◆ Your objective: What I need is an exact repeat of the lines from the one with "Tantra Women's Ornament Yellow T-shirt" through the end of the listing below. Leave out every picture.

◆ Given information:
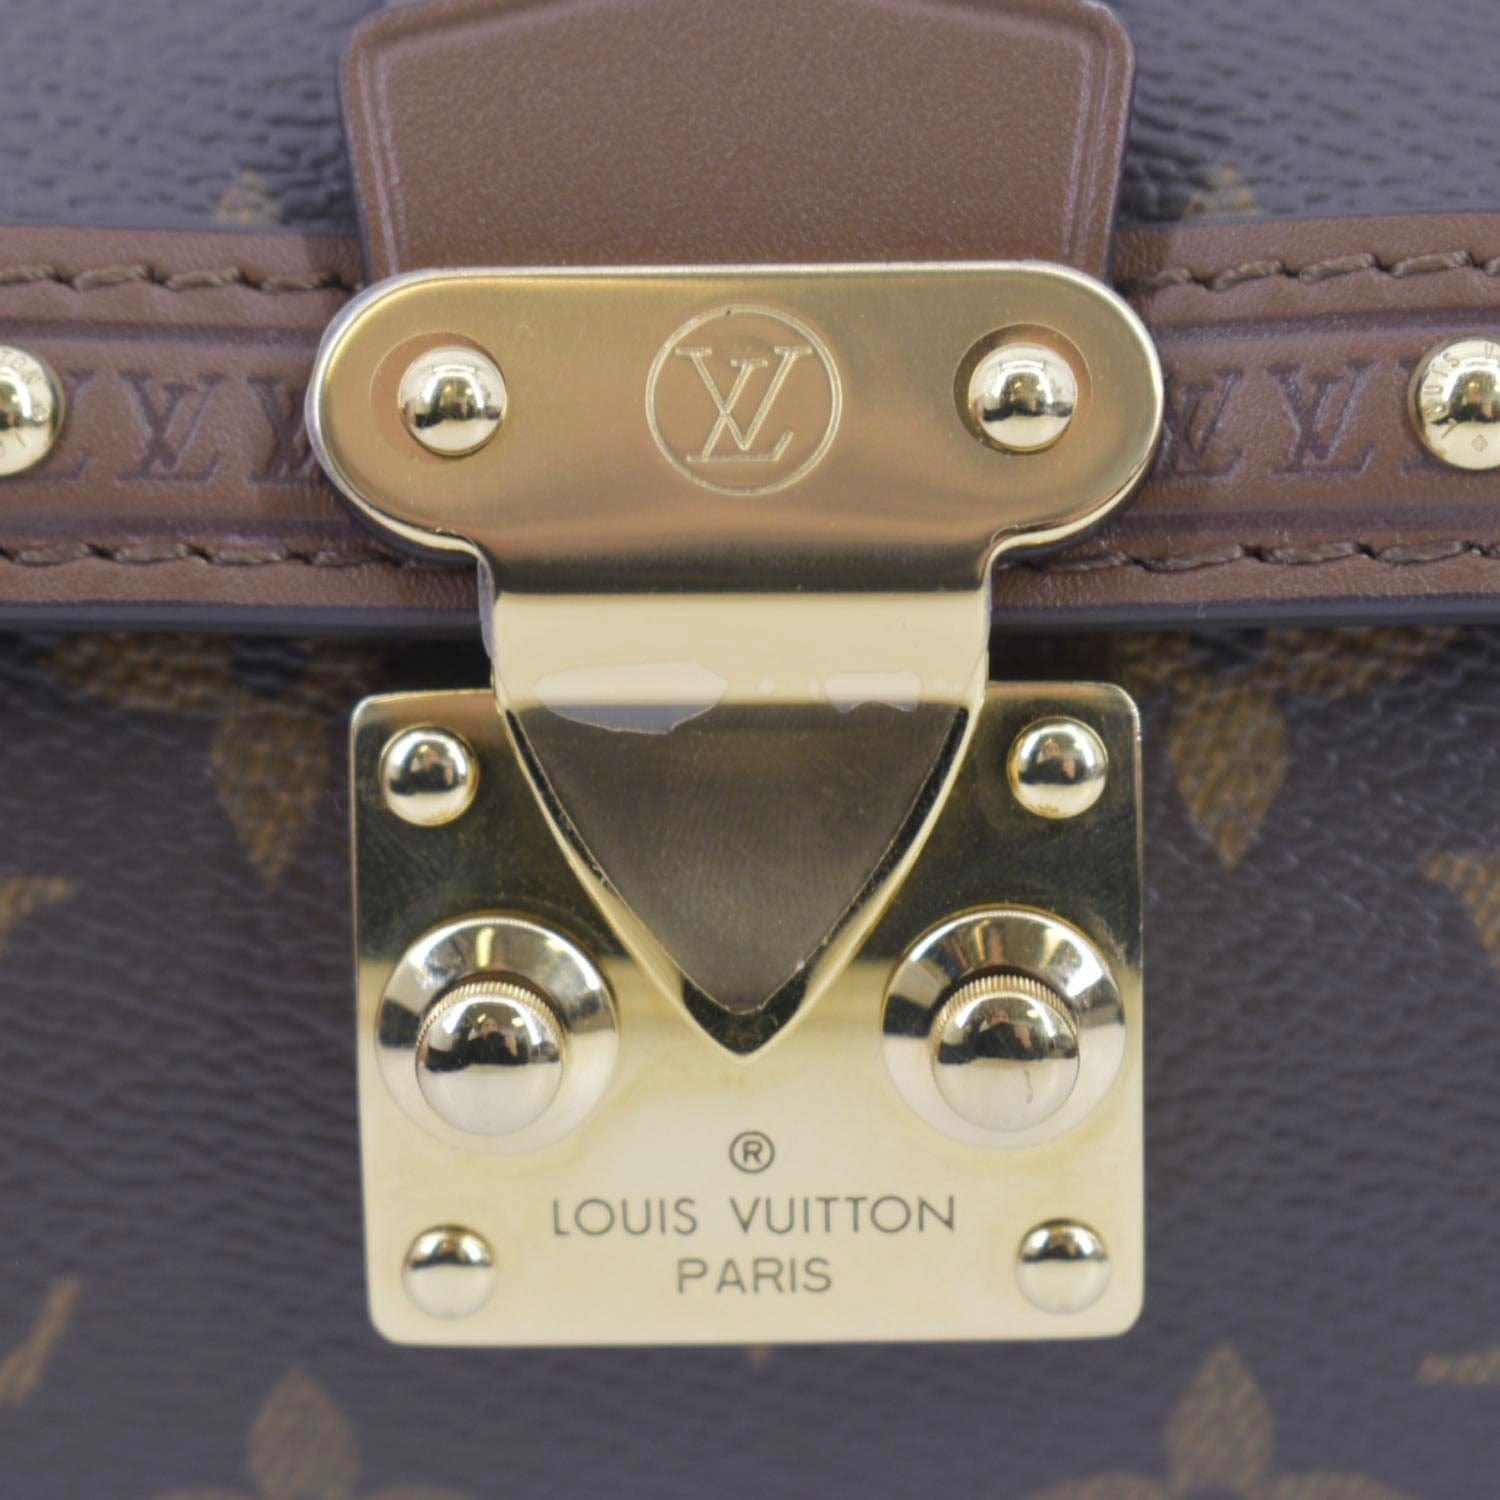 Louis Vuitton Papillon Trunk Bag Monogram Canvas Brown 23339311
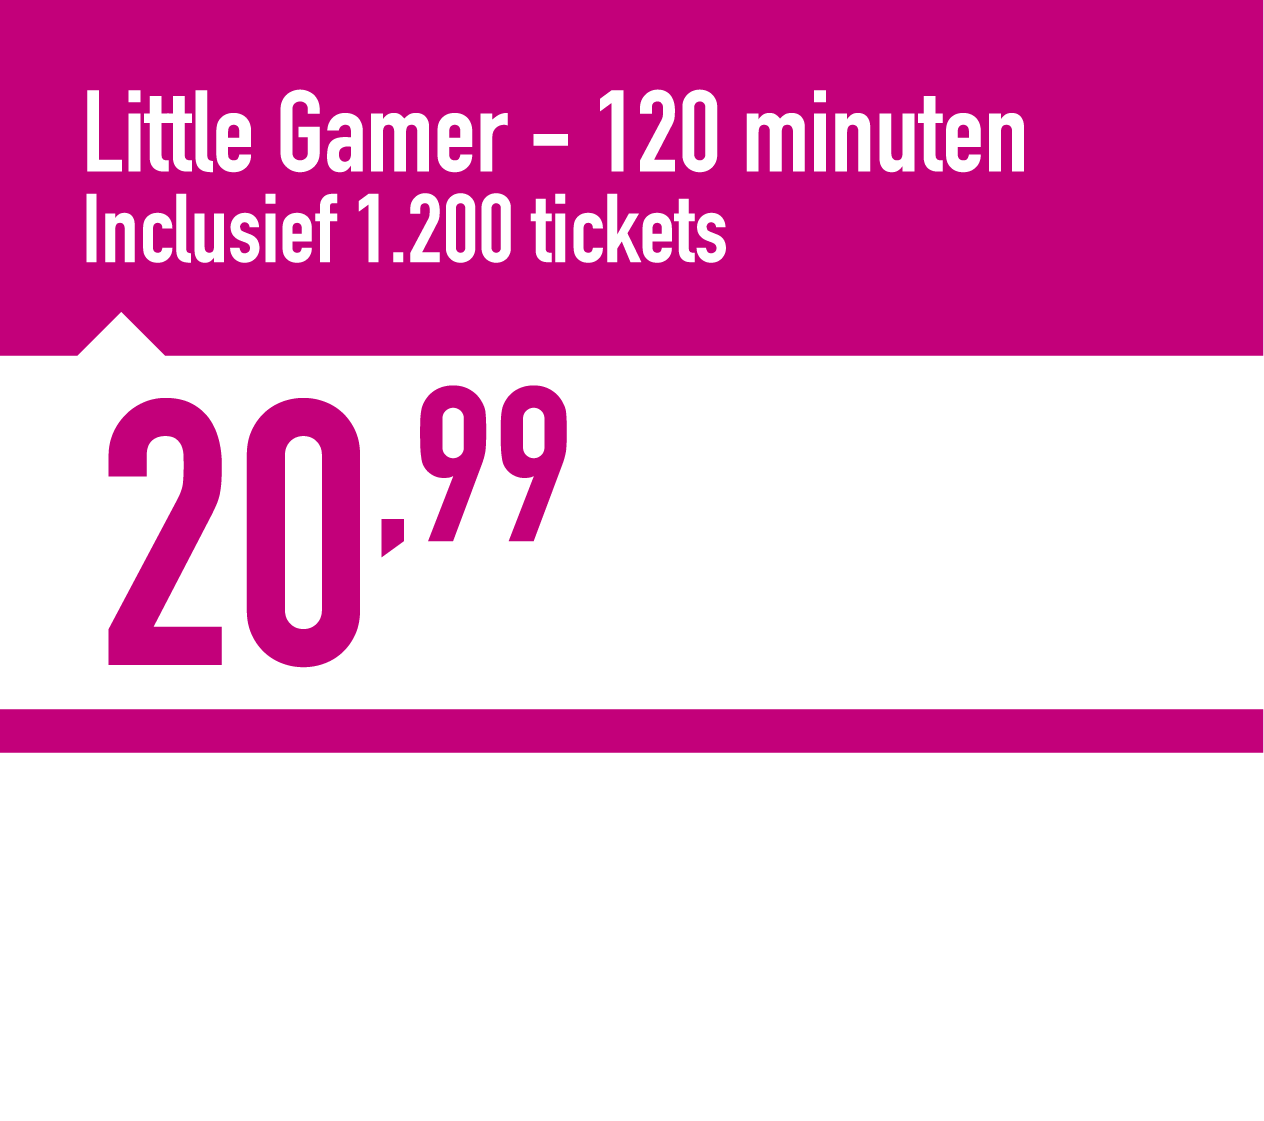 Little Gamer - 120 minuten
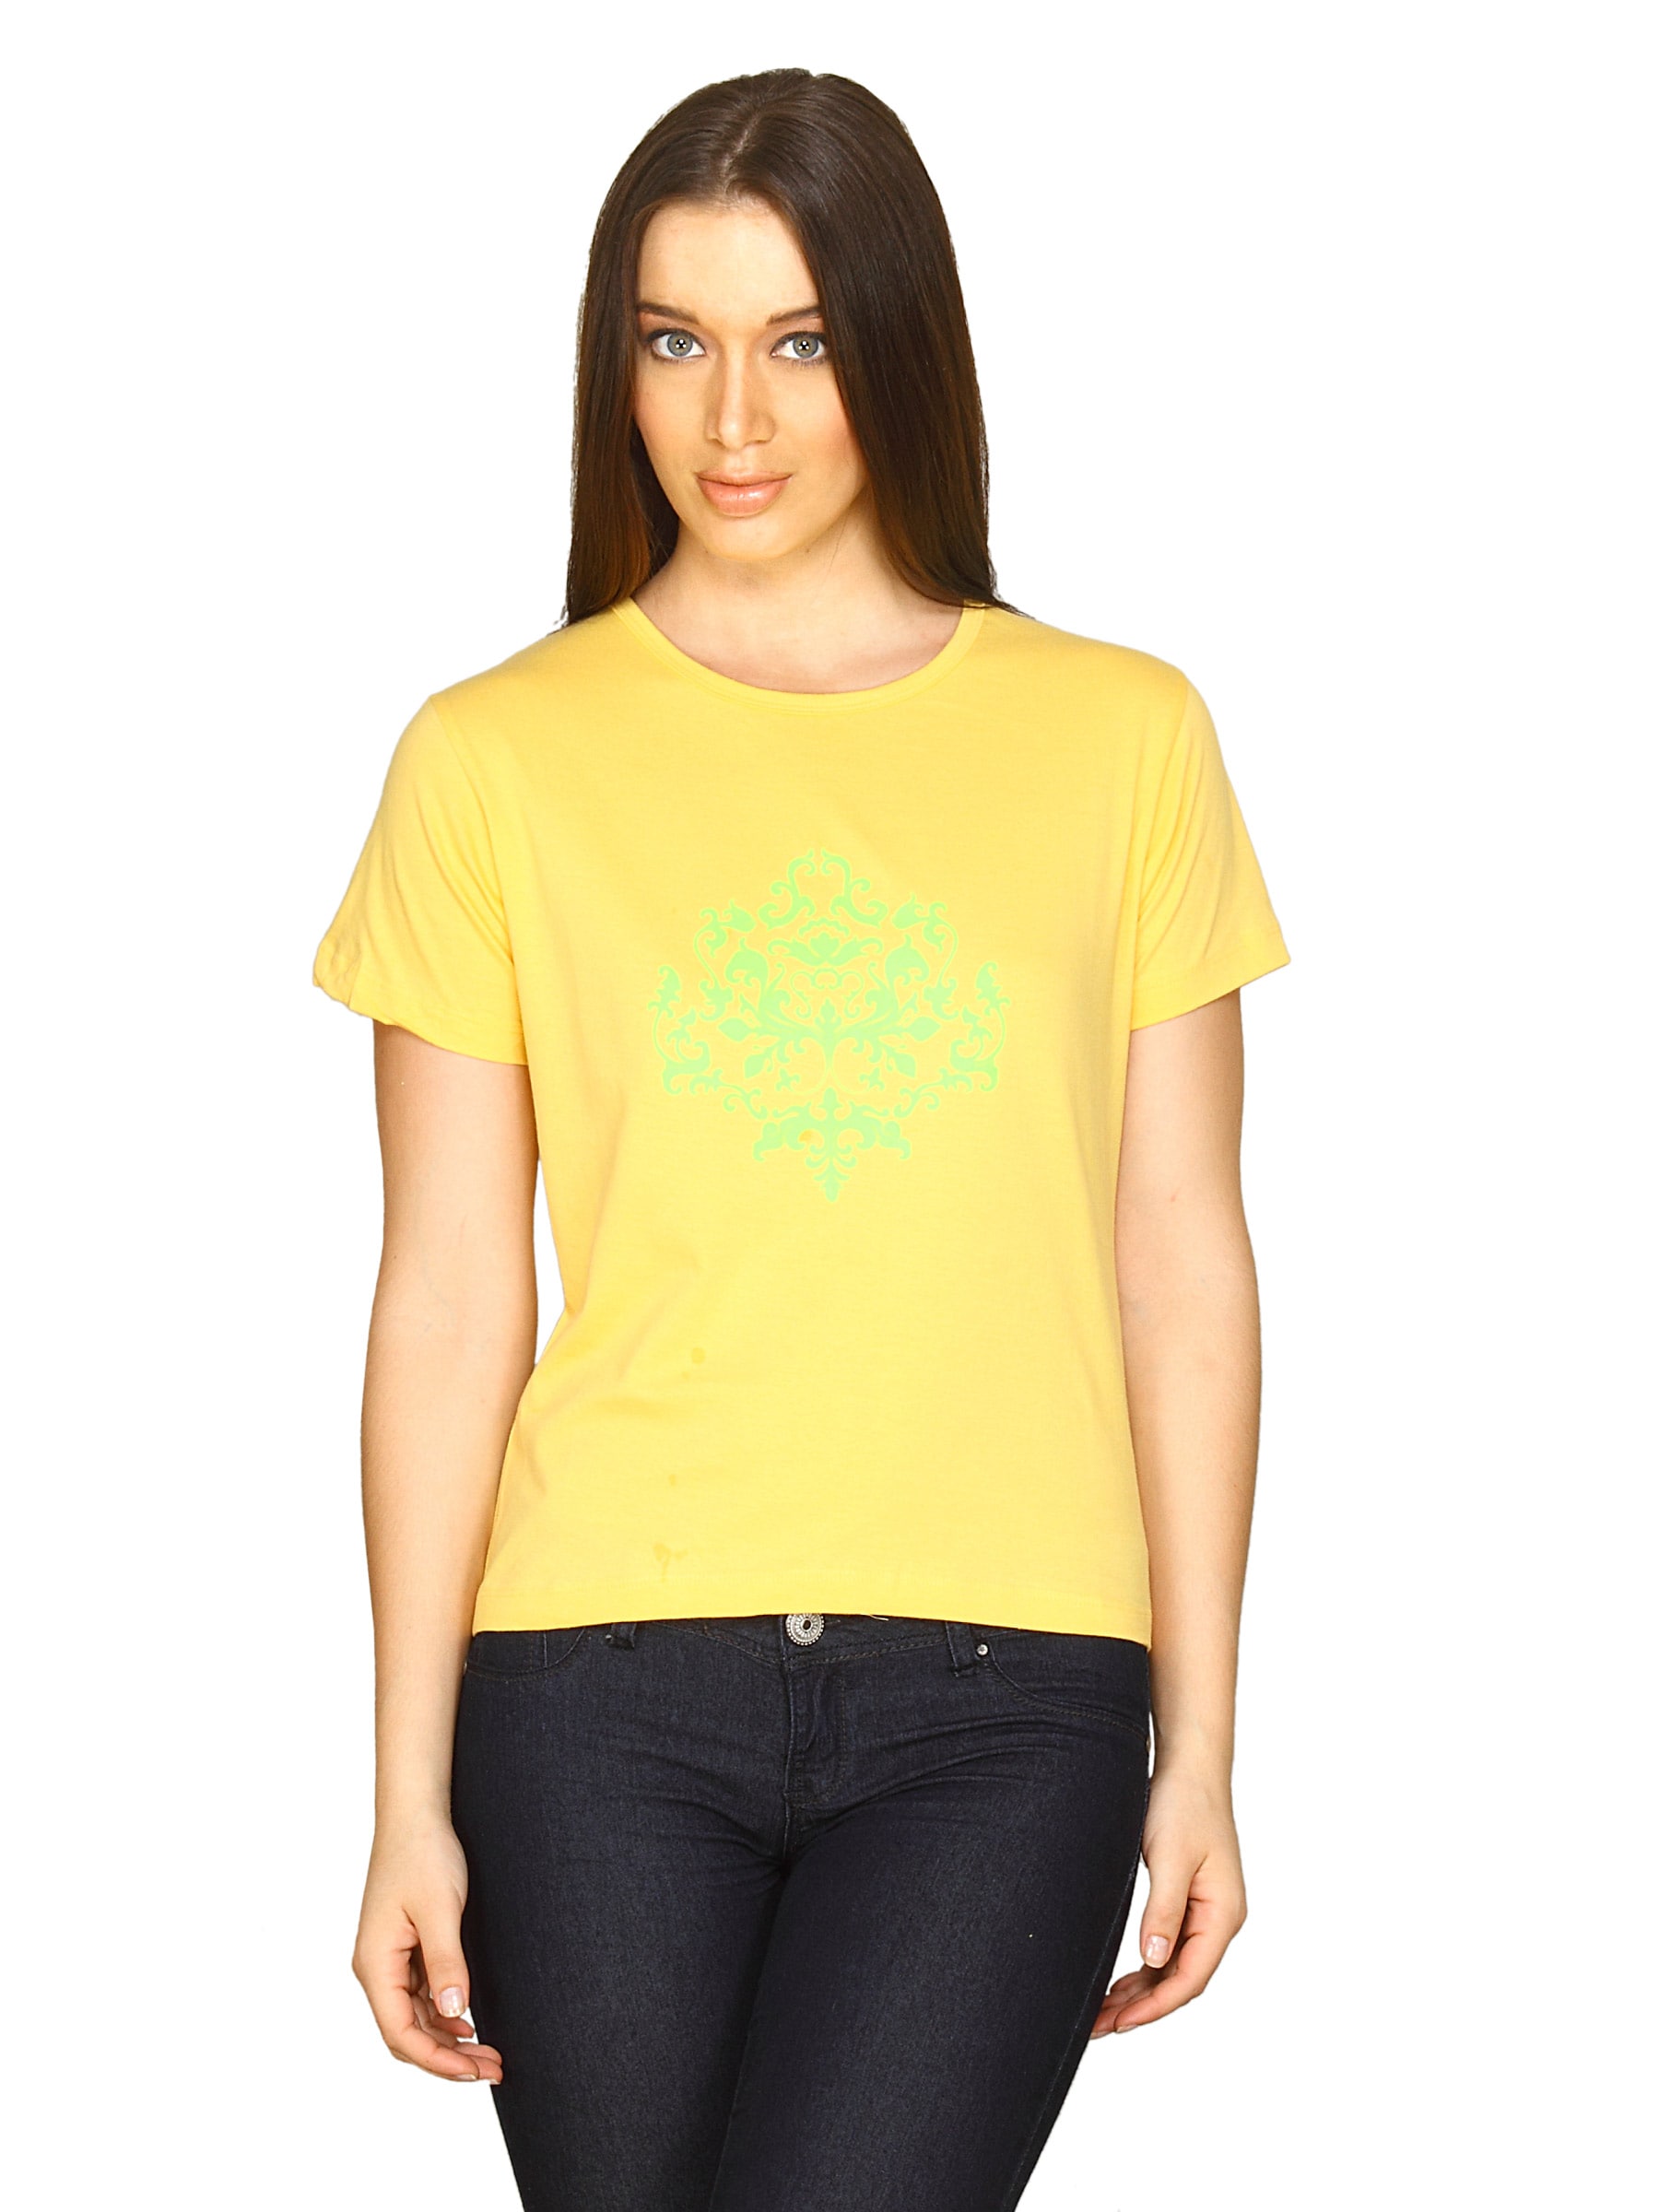 Tantra Women's Ornament Yellow T-shirt
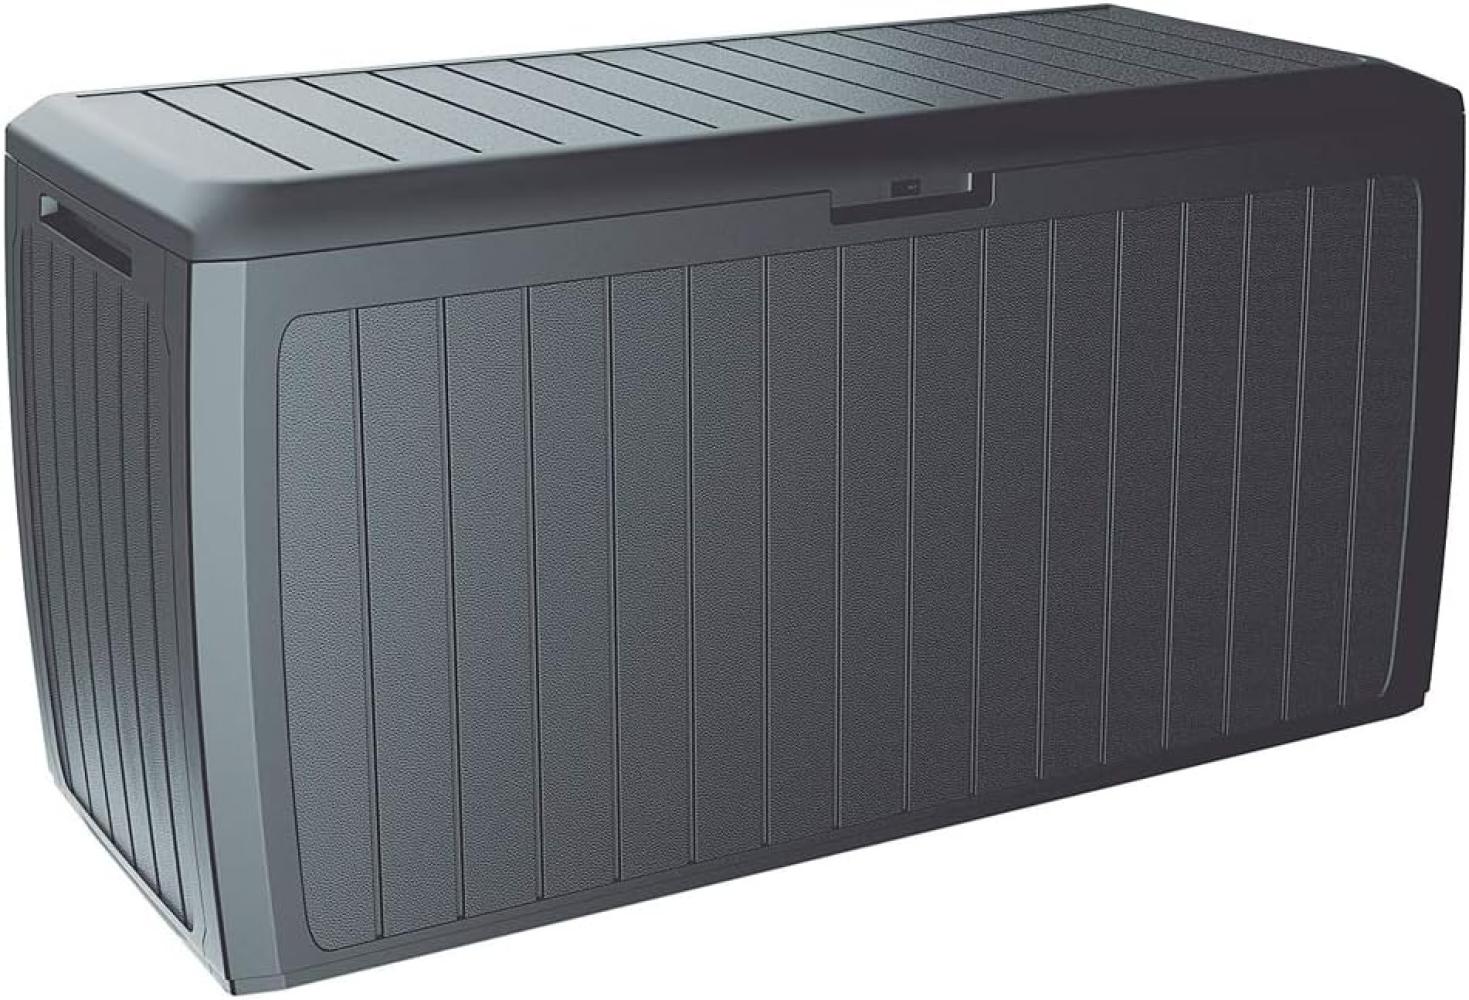 DEUBA Auflagenbox Kissenbox Deckel bis zu 100 kg belastbar Gerätetruhe Kiste Gartentruhe Board PLUS anthrazit Bild 1

◆ Exercise output:
 Tantra Women's Ornament Yellow T-shirt
 DEUBA Auflagenbox Kissenbox Deckel bis zu 100 kg belastbar Gerätetruhe Kiste Gartentruhe Board PLUS anthrazit Bild 1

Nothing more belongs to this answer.